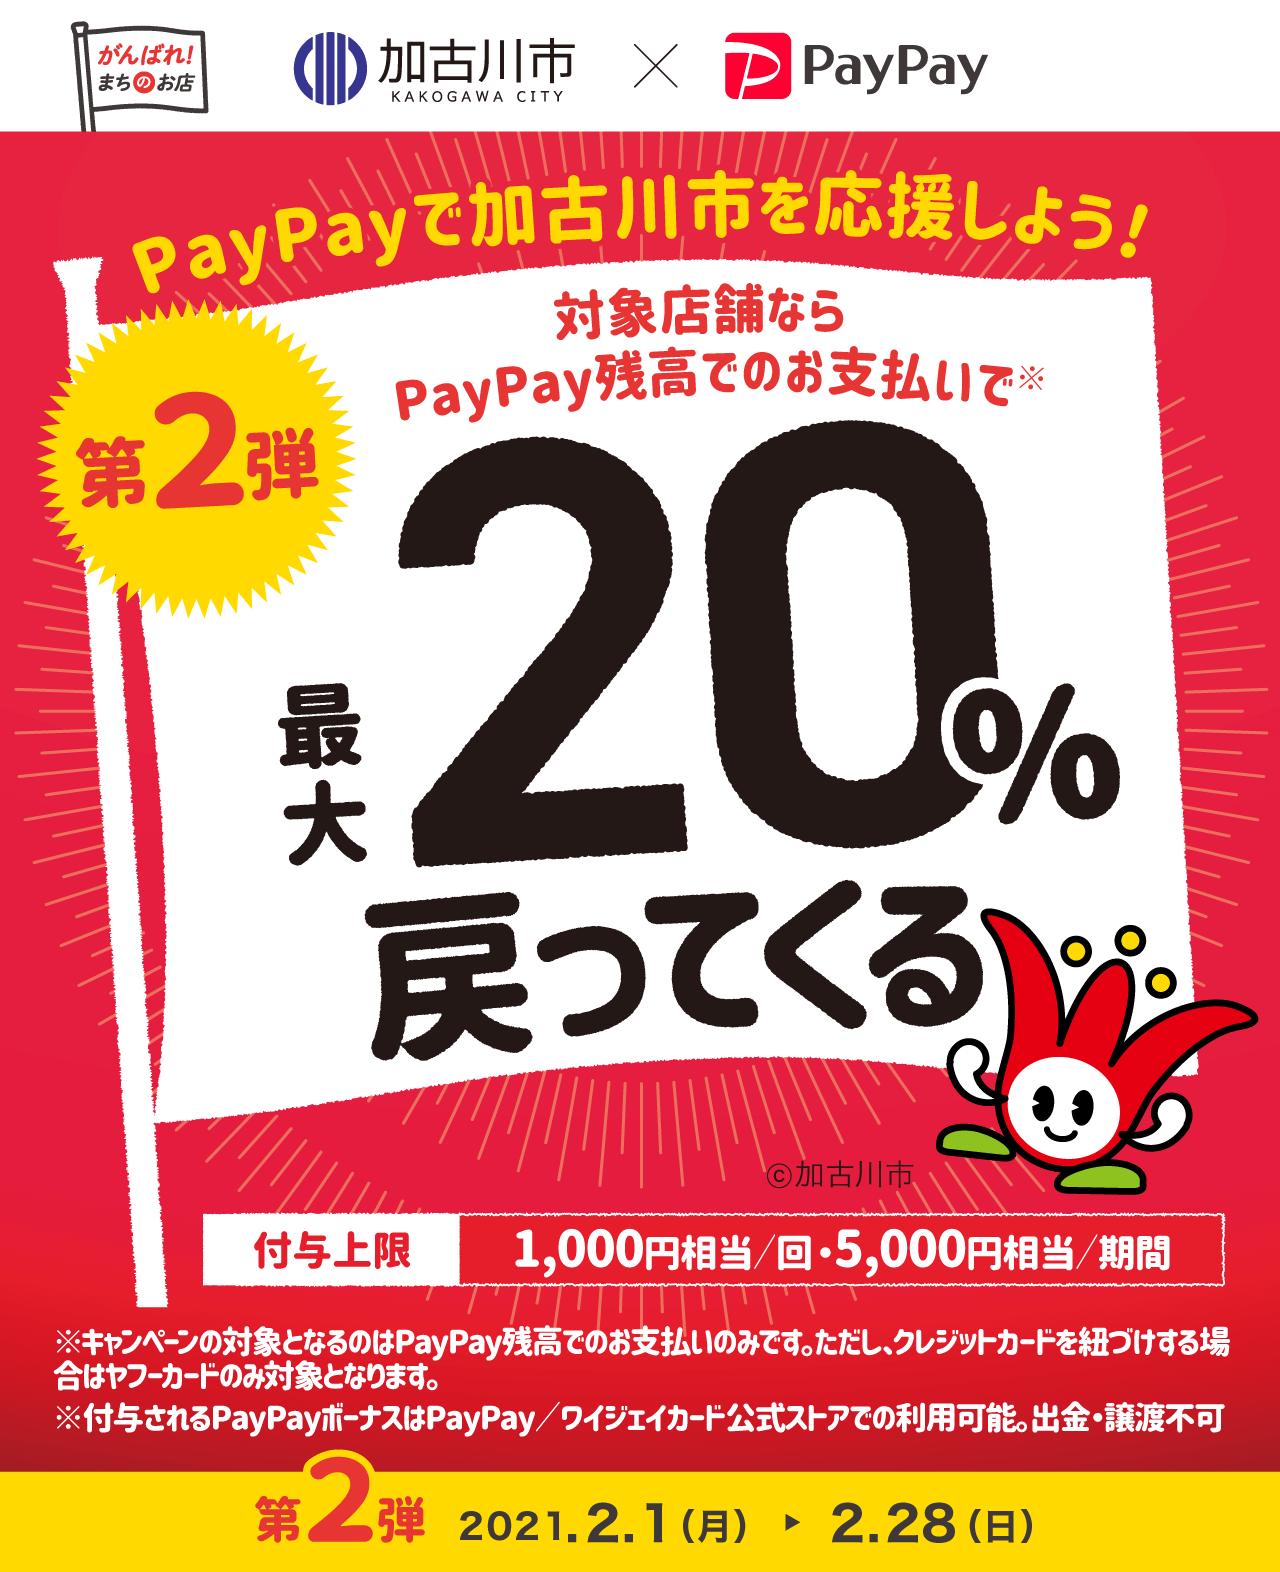 PayPayで加古川市を応援しよう! 第2弾 対象店舗ならPayPay残高でのお支払いで 最大20%戻ってくる
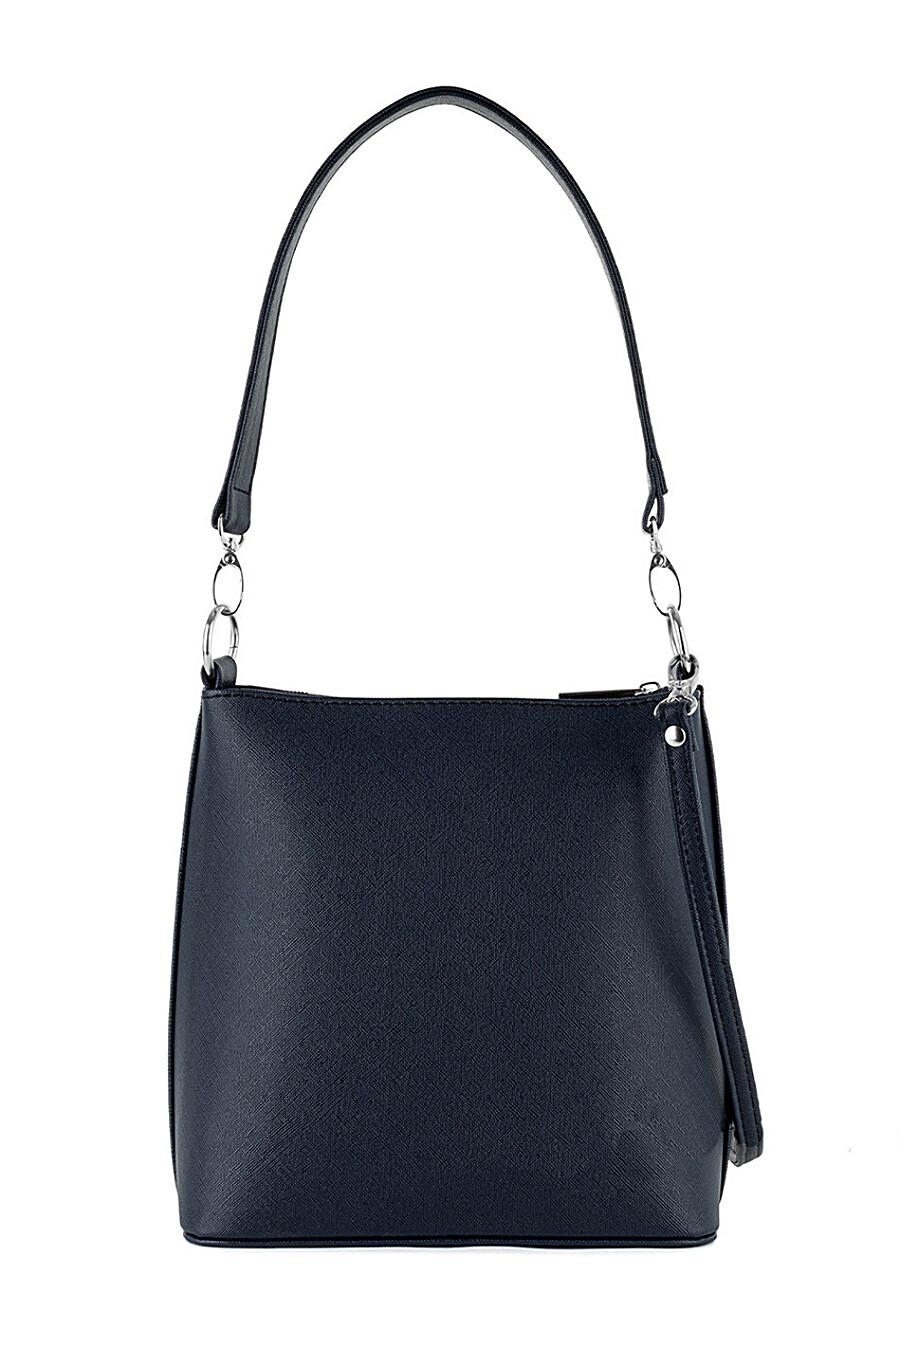 Сумка для женщин L-CRAFT 260299 купить оптом от производителя. Совместная покупка женской одежды в OptMoyo
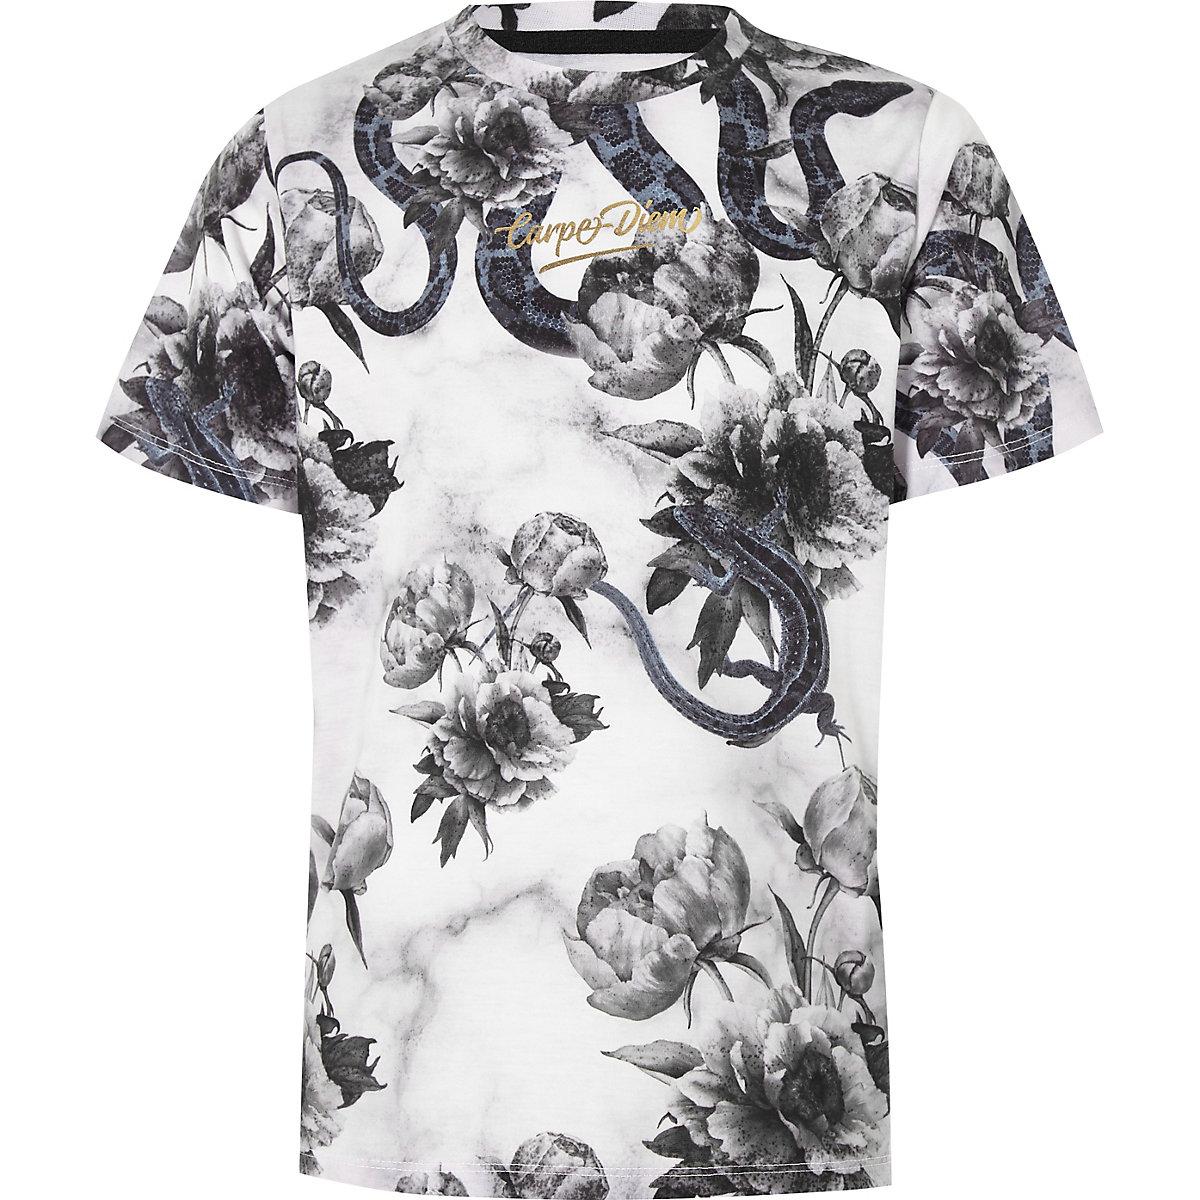 Boys black mixed print 'Carpe Diem' T-shirt
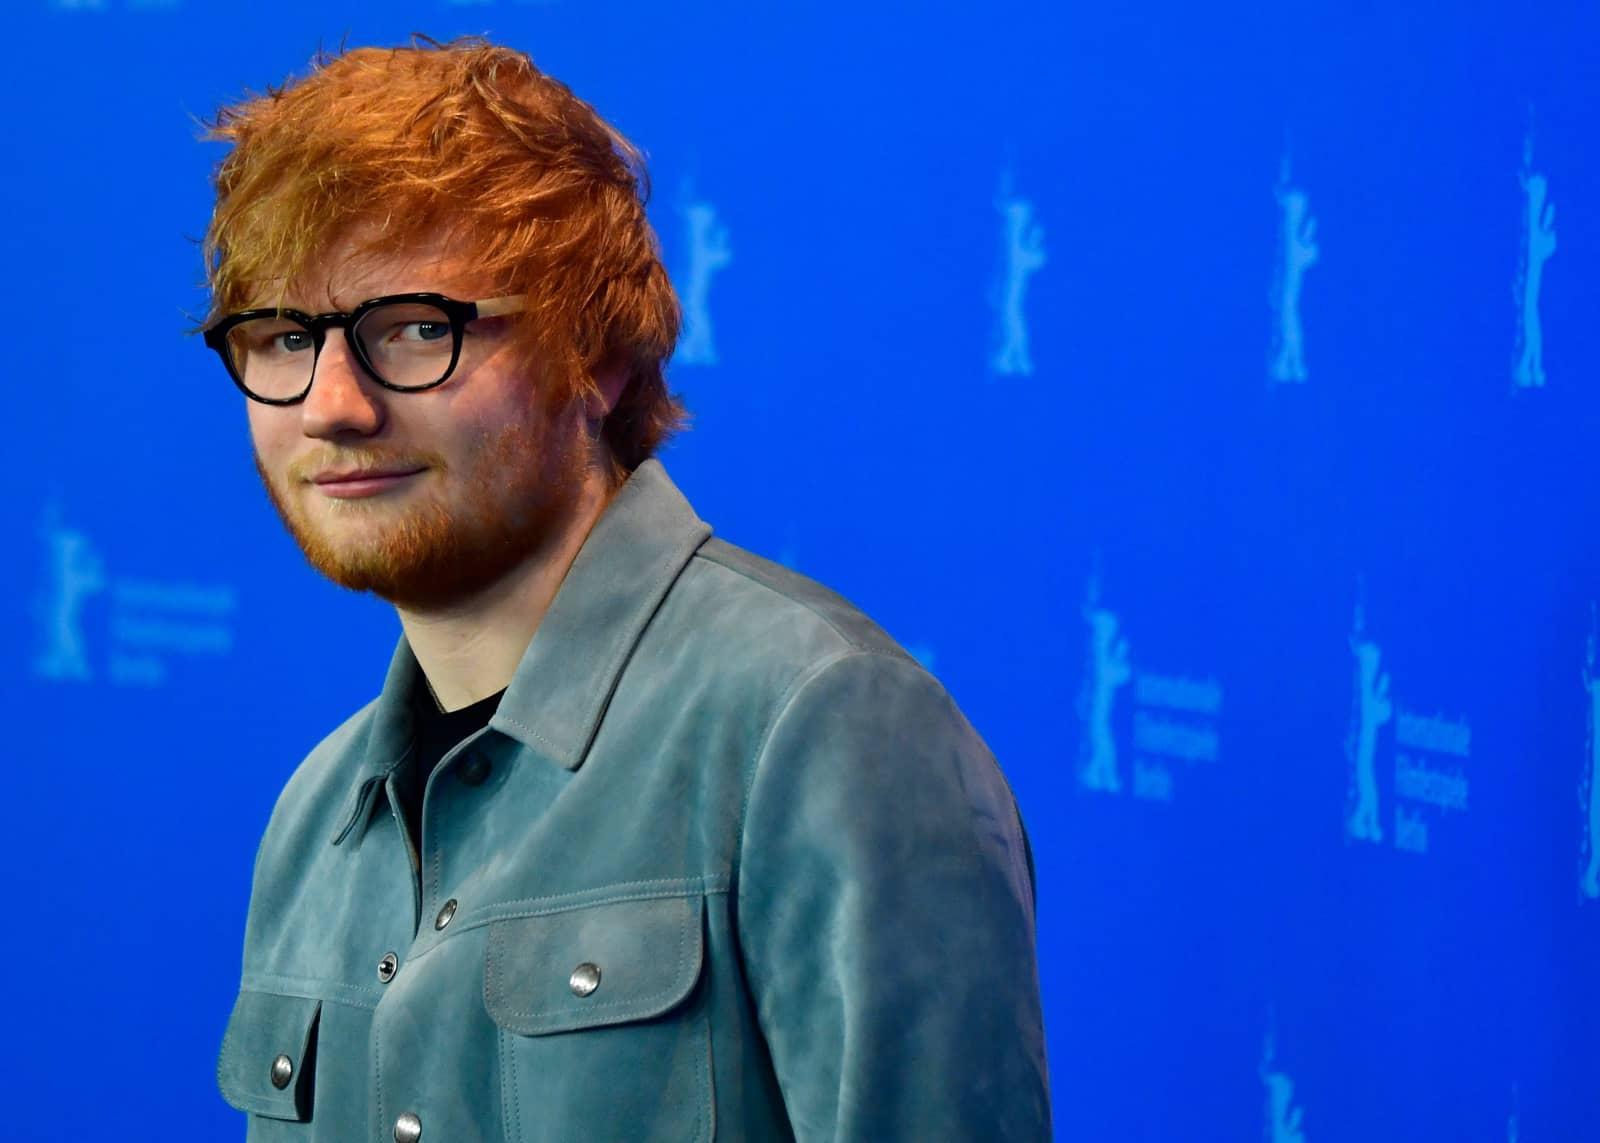 Sechs Musiker, die in den 2010ern zu internationalen Superstars wurden

EXERCISE BRIEF: Would you copy out all the data exactly, without the images?

EXERCISE OUTPUT:
 PayPayで加古川市を応援しよう! 第2弾 対象店舗ならPayPay残高でのお支払いで 最大20%戻ってくる
 Сумка для женщин L-CRAFT 260299 купить оптом от производителя. Совместная покупка женской одежды в OptMoyo
 Boys black mixed print 'Carpe Diem' T-shirt
 Sechs Musiker, die in den 2010ern zu internationalen Superstars wurden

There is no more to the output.